### INPUT DATA
- - -
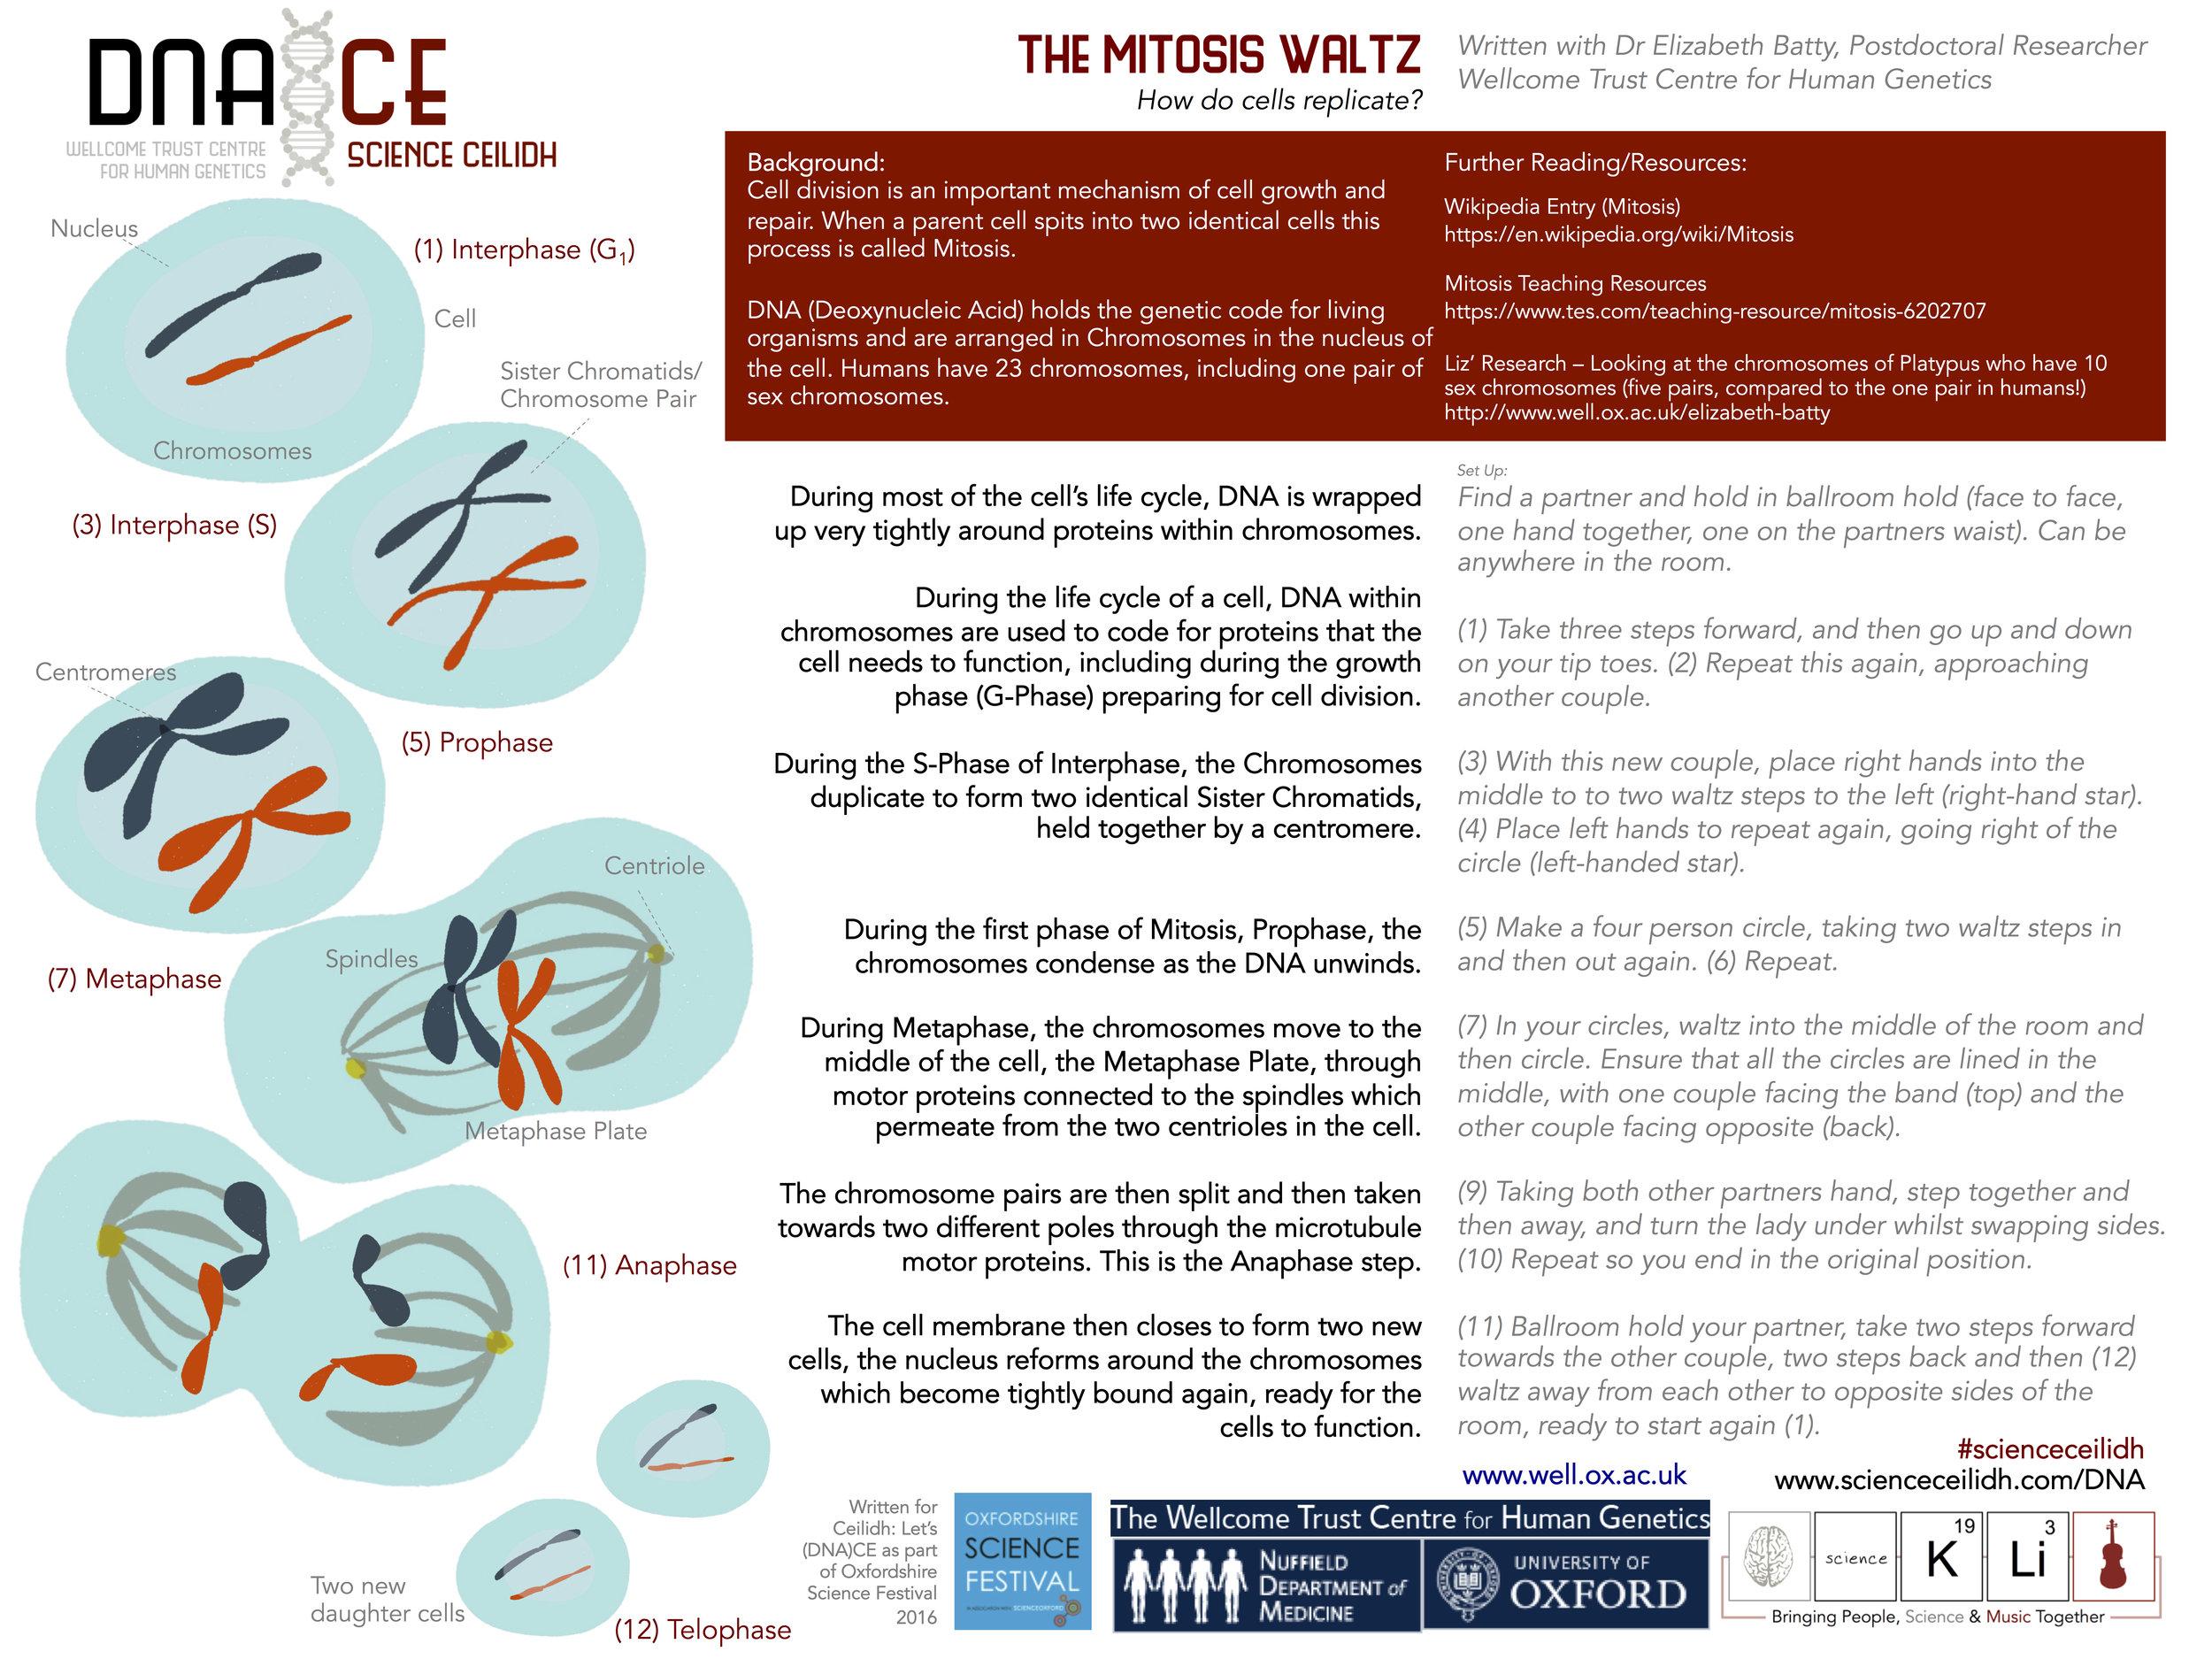 Mitosis Waltz Final.jpg
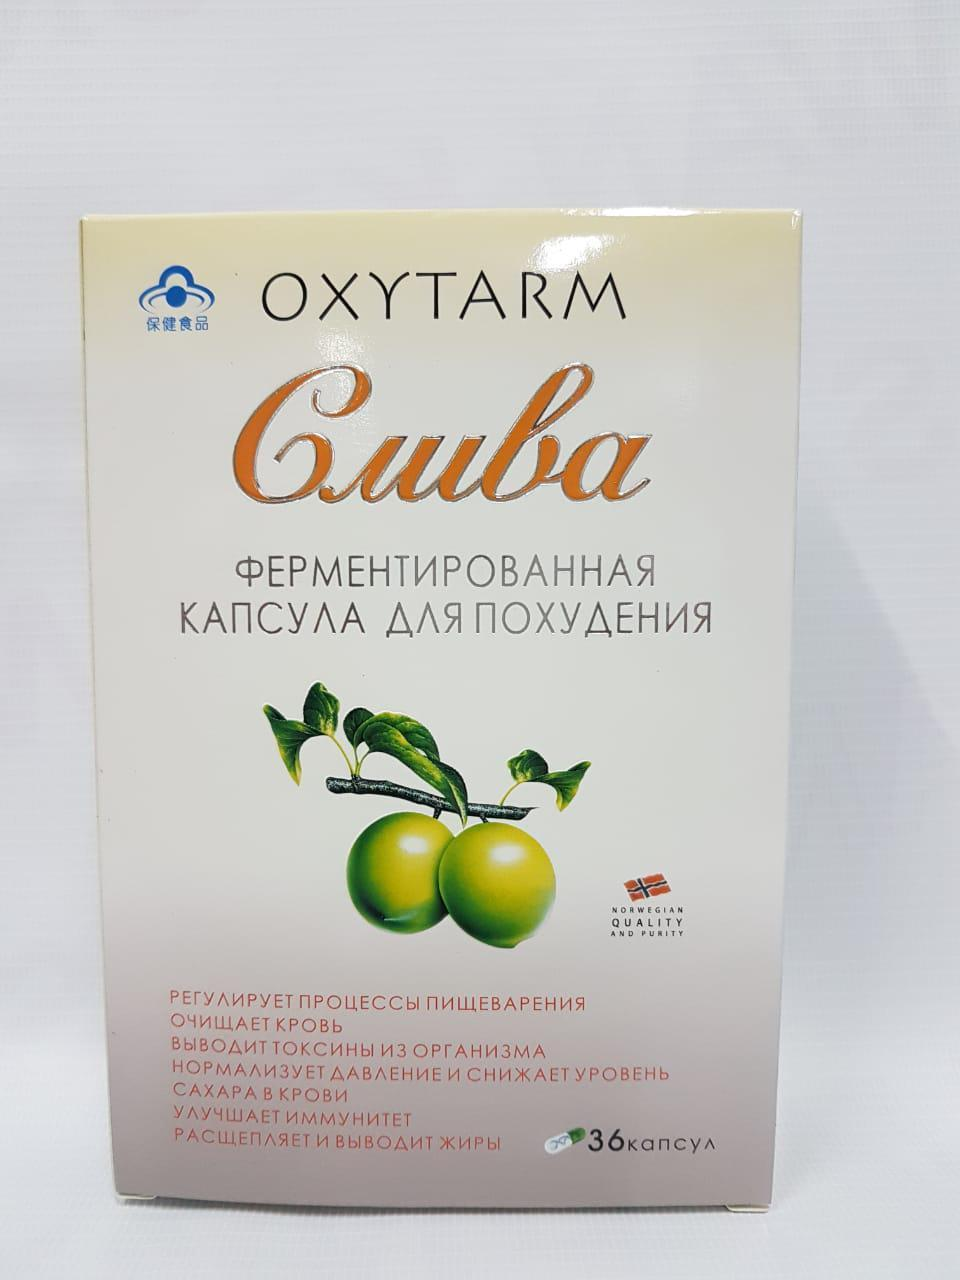 Слива (Oxytarm) ферментированная - для похудения.
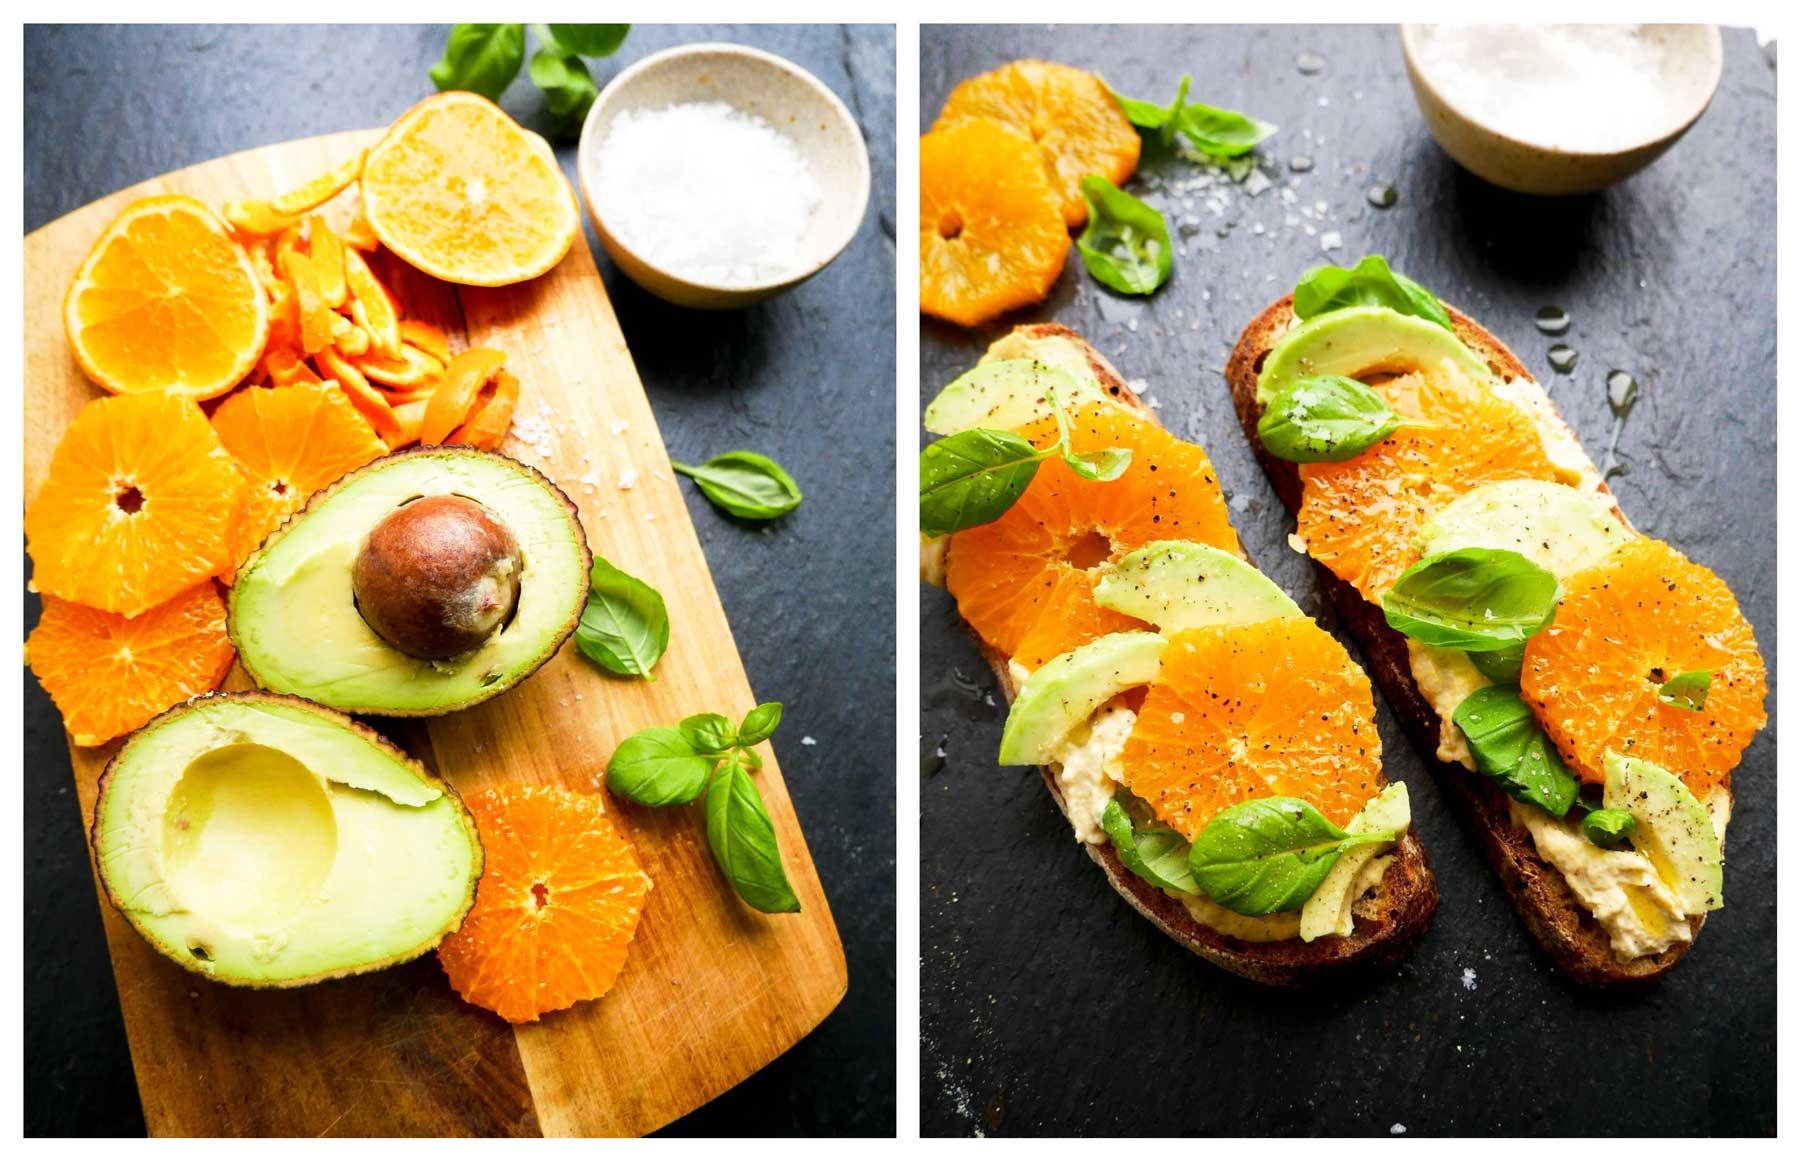 appelsin og avocado og hummus på toasts
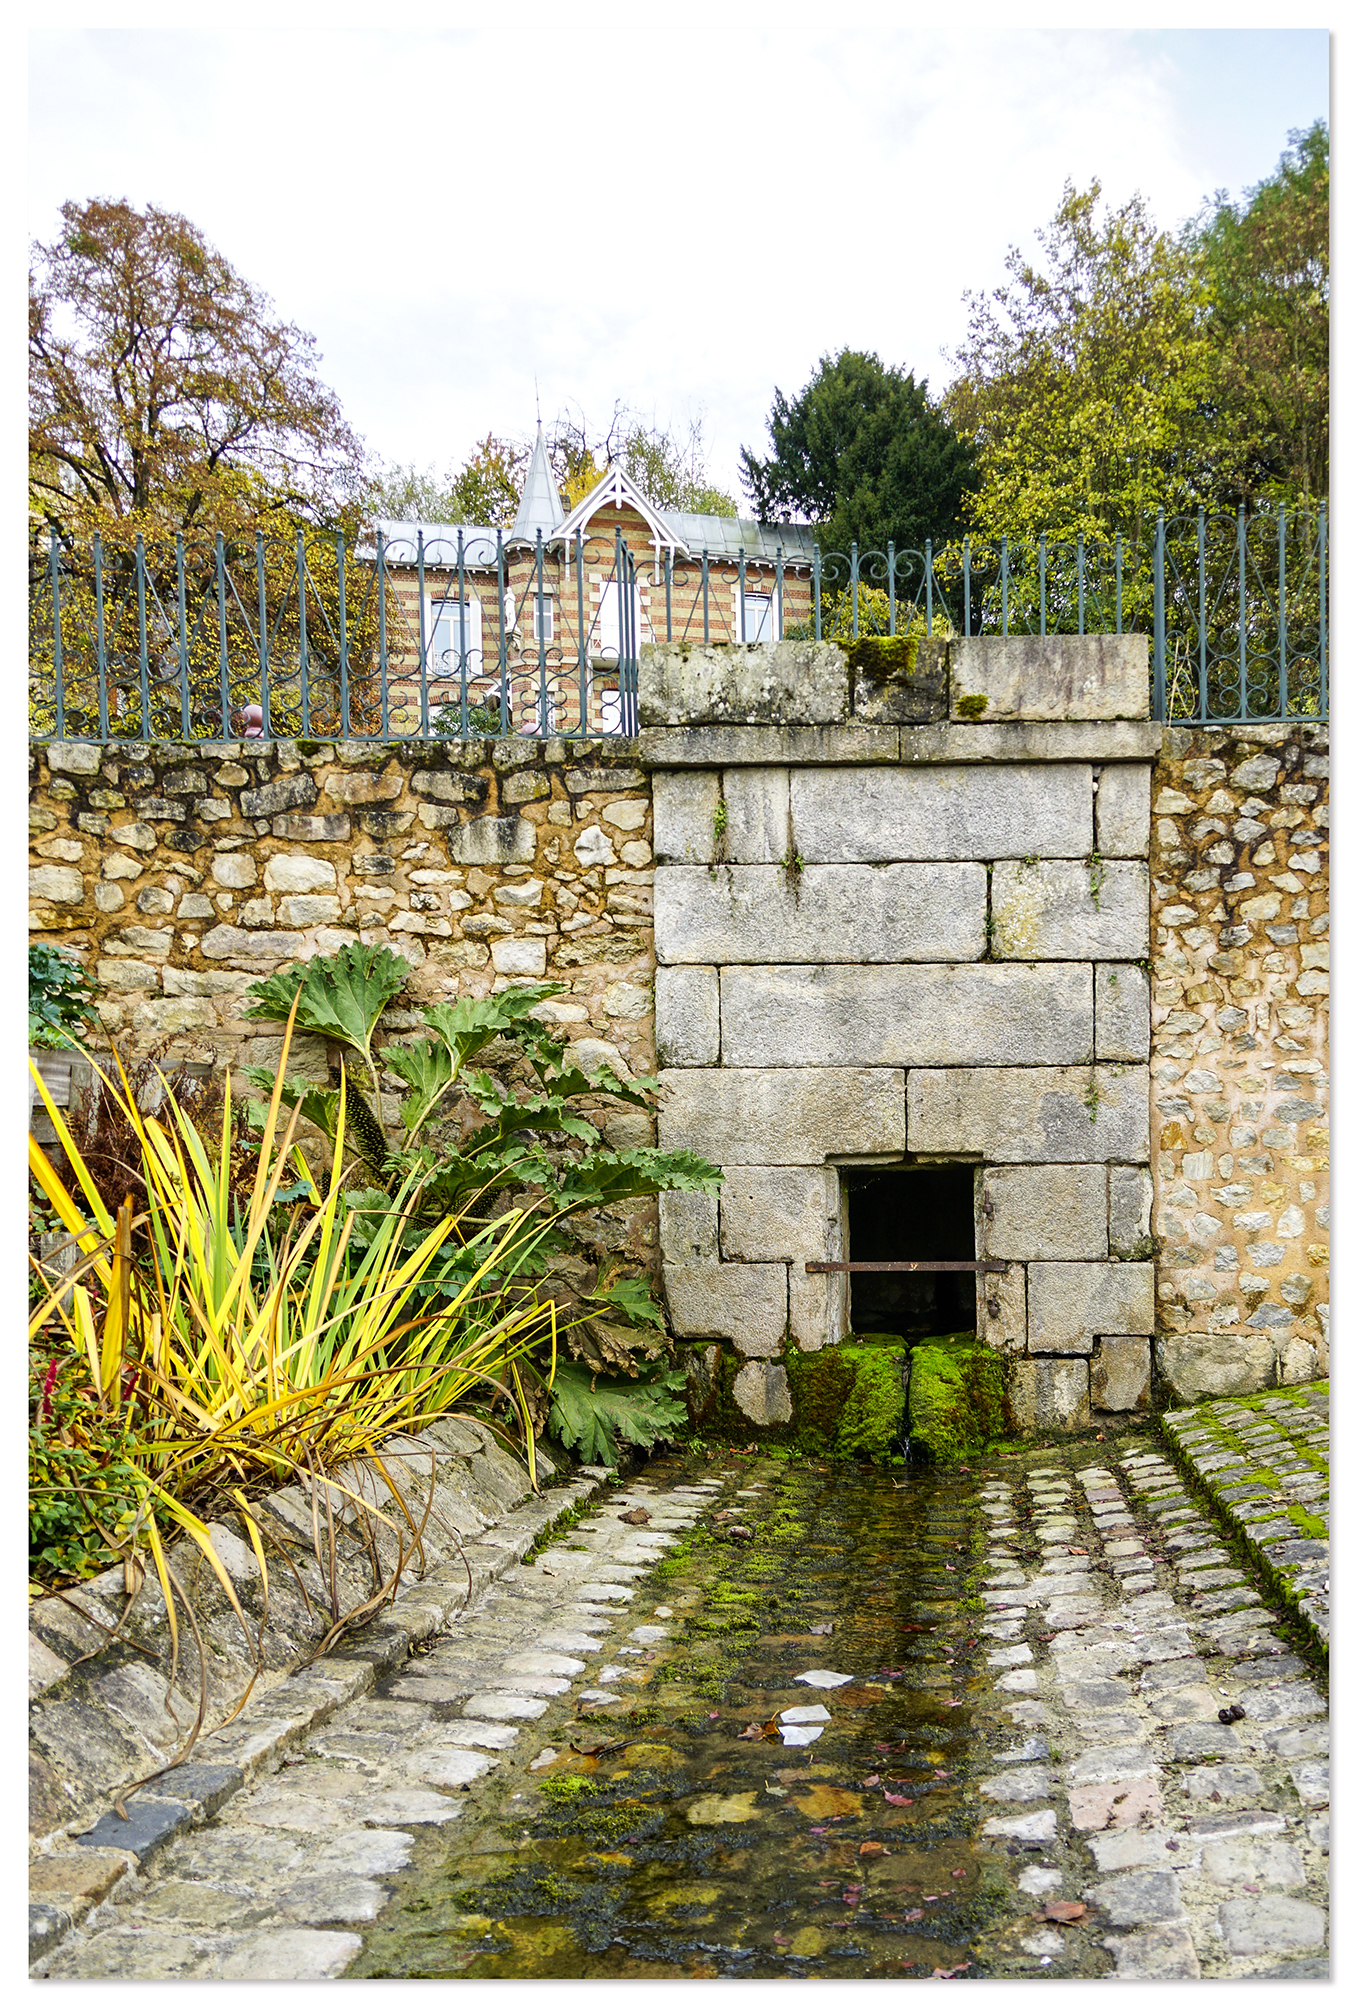 72 - Fontaine Abel du XVIIIème siècle, le Mans - Sarthe
- - -
### DIRECTIONS FOR THIS TASK
Find the line containing "appelsin og avocado og hummus på toasts" in the listing above. Restate it and every line after it, word for word, through the final line, leaving out the pictures.

### RESPONSE AREA
 appelsin og avocado og hummus på toasts
 72 - Fontaine Abel du XVIIIème siècle, le Mans - Sarthe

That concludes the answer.